→ Exercise details: What you return should be only the lines in the entries below between the one holding "Domino Colorido Didacta" and the one holding "CADEFO RAILS (351", ends included, with every picture left out.

→ Task material:

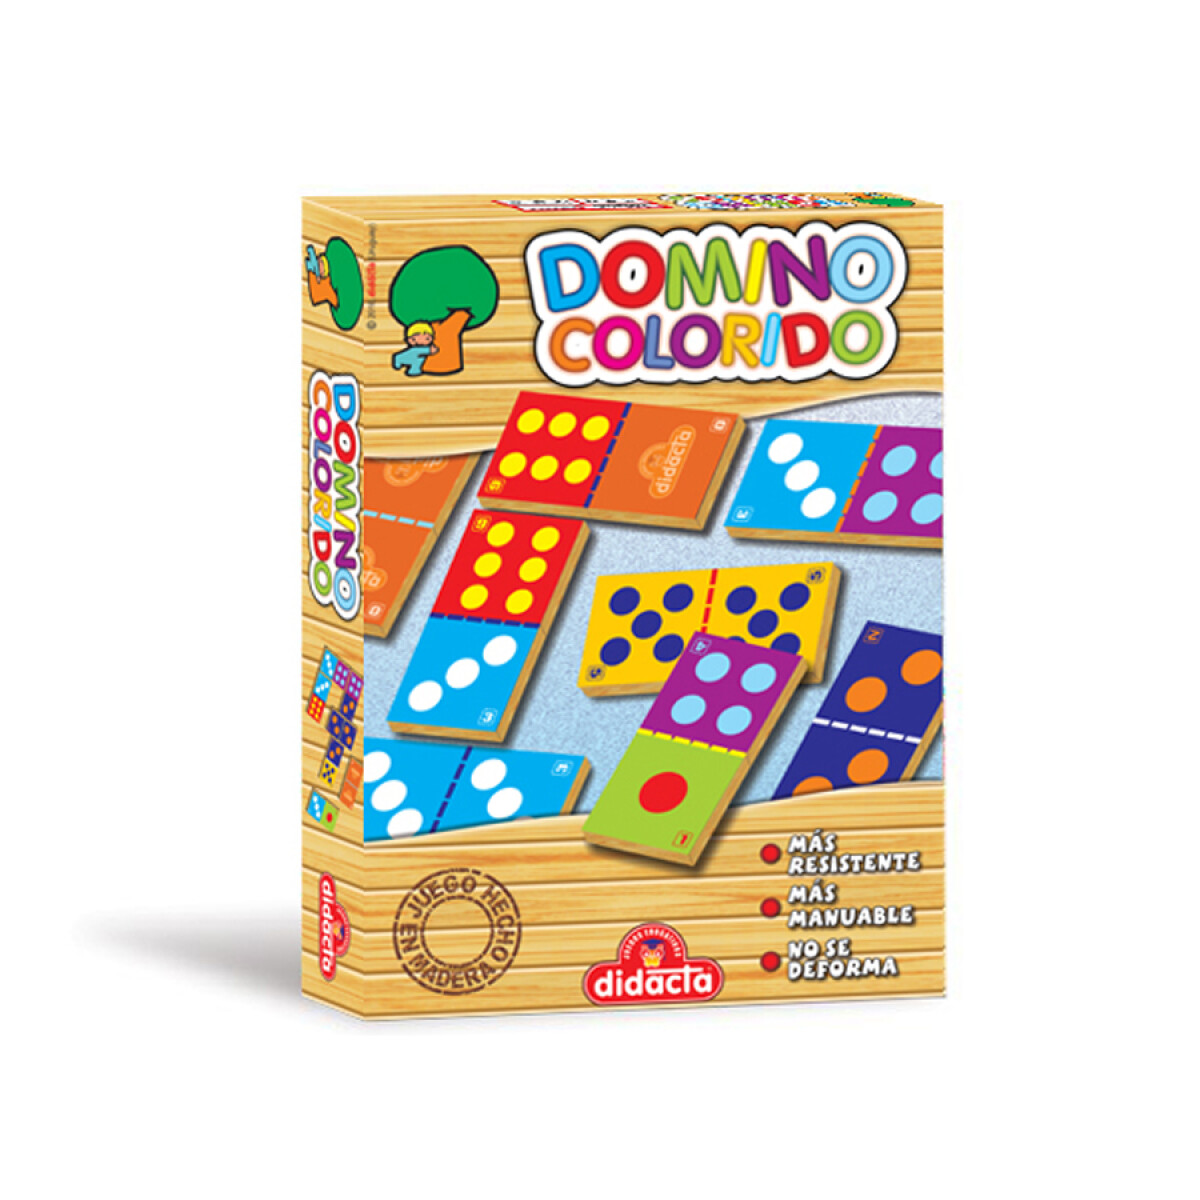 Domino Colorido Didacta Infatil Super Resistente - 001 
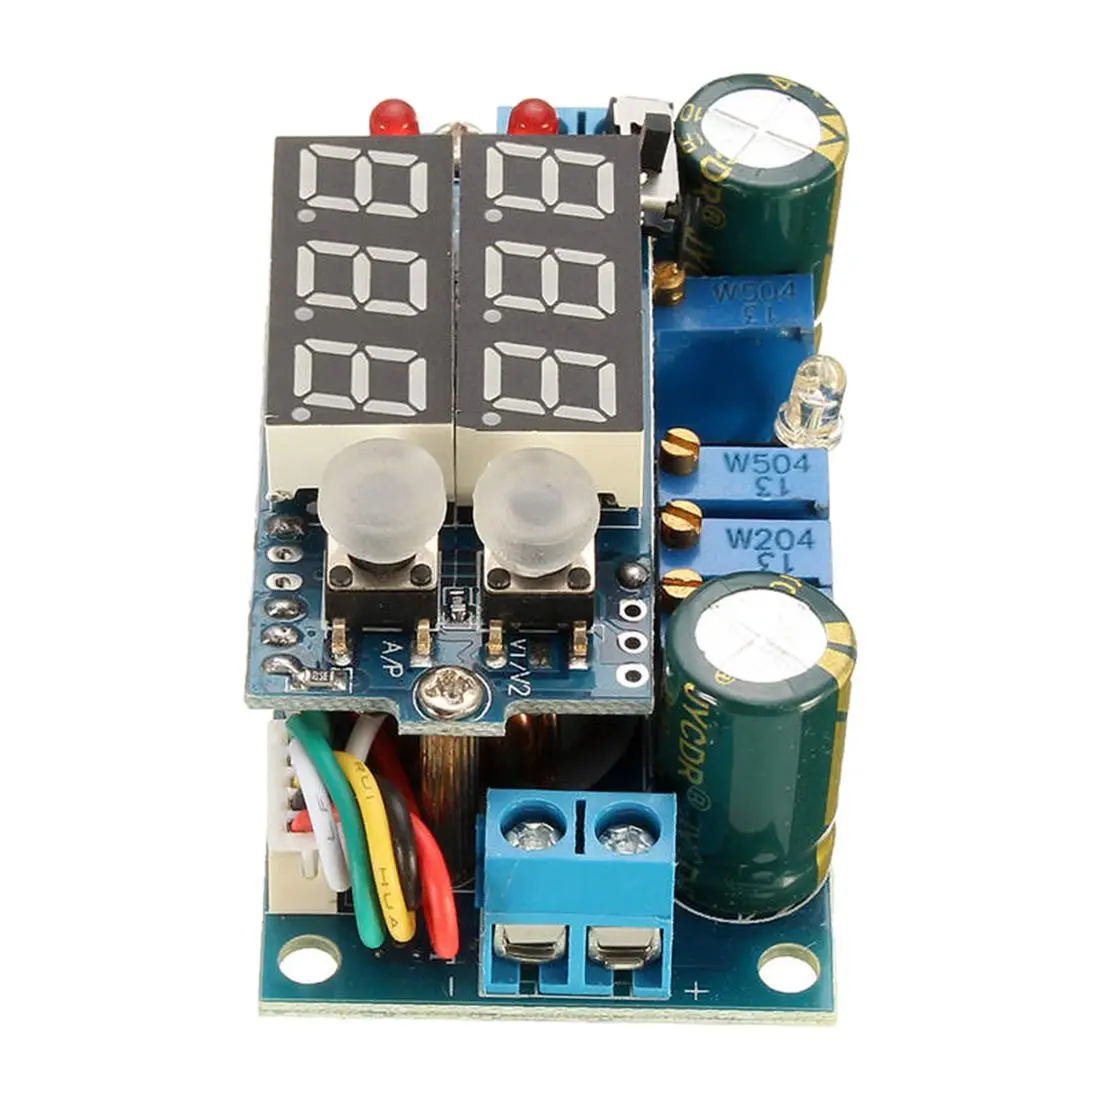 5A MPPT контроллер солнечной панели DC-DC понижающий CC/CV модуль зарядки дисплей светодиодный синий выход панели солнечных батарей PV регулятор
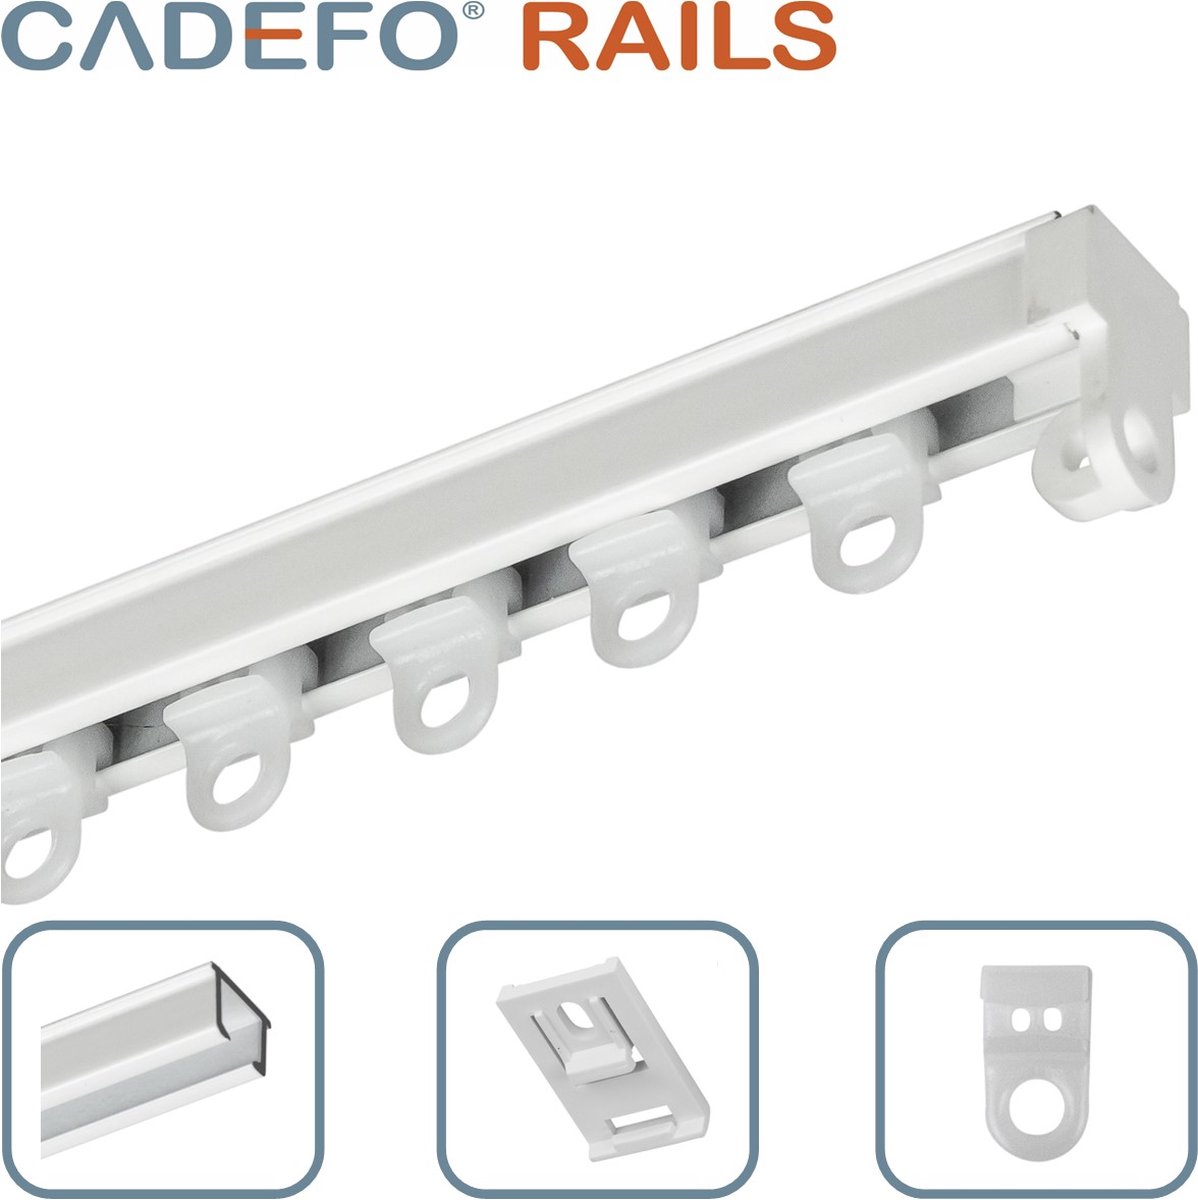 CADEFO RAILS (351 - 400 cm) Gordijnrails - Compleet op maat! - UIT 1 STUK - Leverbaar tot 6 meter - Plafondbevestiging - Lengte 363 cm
==
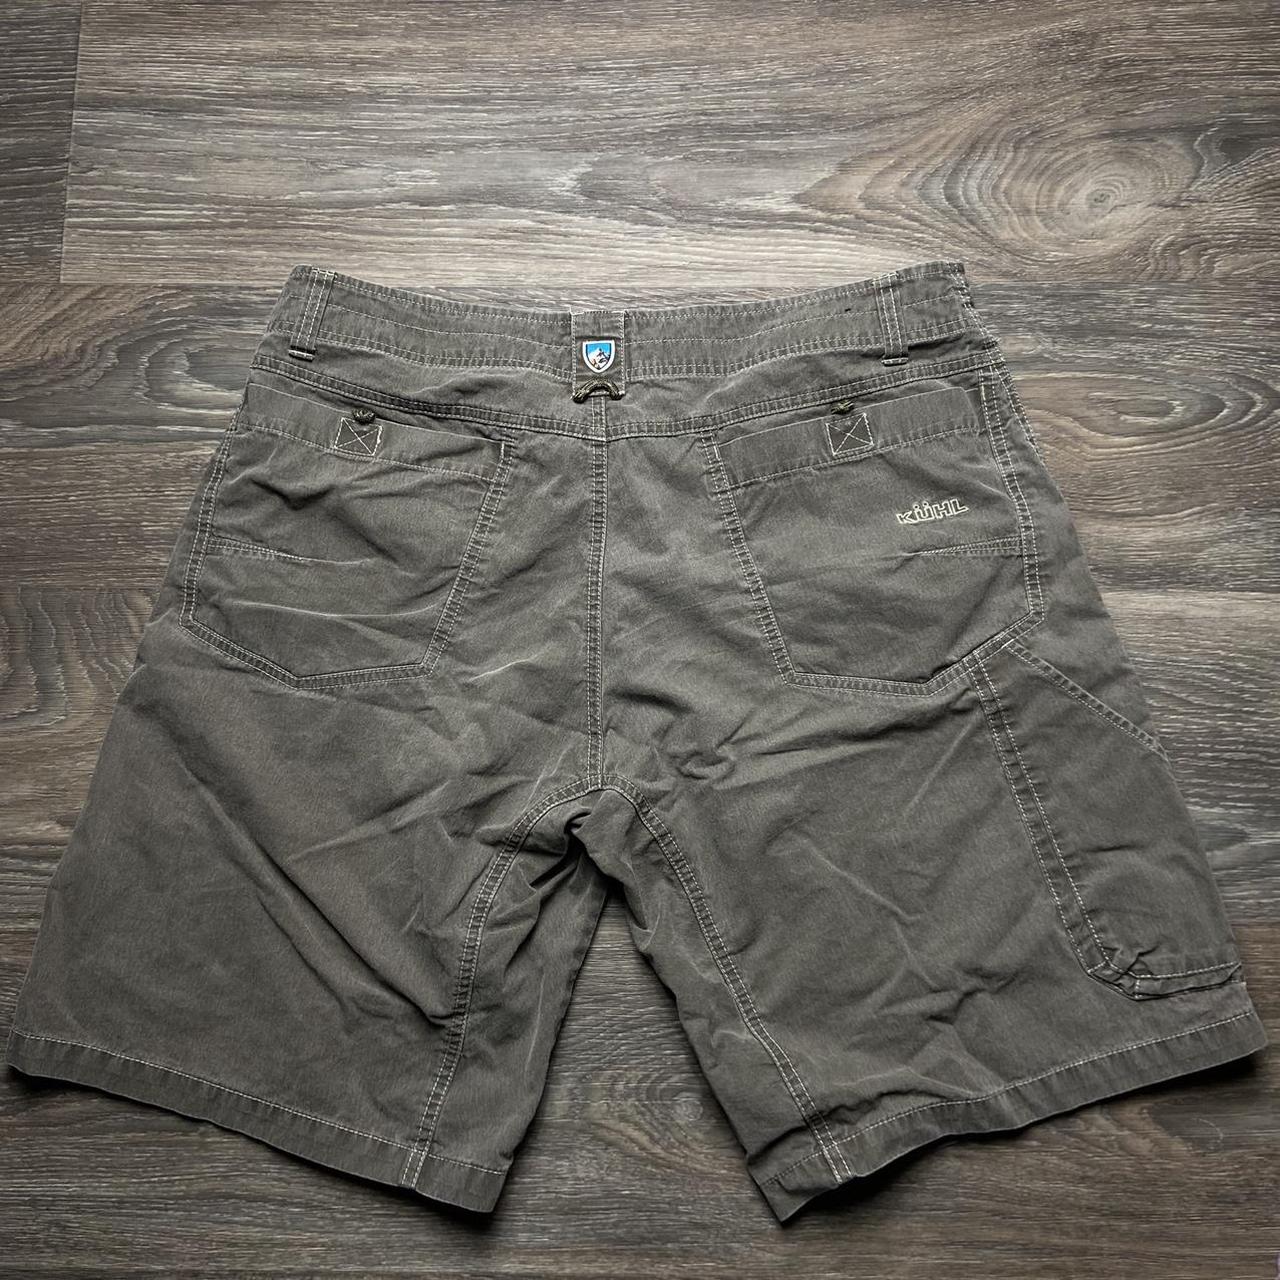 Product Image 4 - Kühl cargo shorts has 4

→ Response for this exercise:
 Domino Colorido Didacta Infatil Super Resistente - 001 
 5A MPPT контроллер солнечной панели DC-DC понижающий CC/CV модуль зарядки дисплей светодиодный синий выход панели солнечных батарей PV регулятор
 CADEFO RAILS (351 - 400 cm) Gordijnrails - Compleet op maat! - UIT 1 STUK - Leverbaar tot 6 meter - Plafondbevestiging - Lengte 363 cm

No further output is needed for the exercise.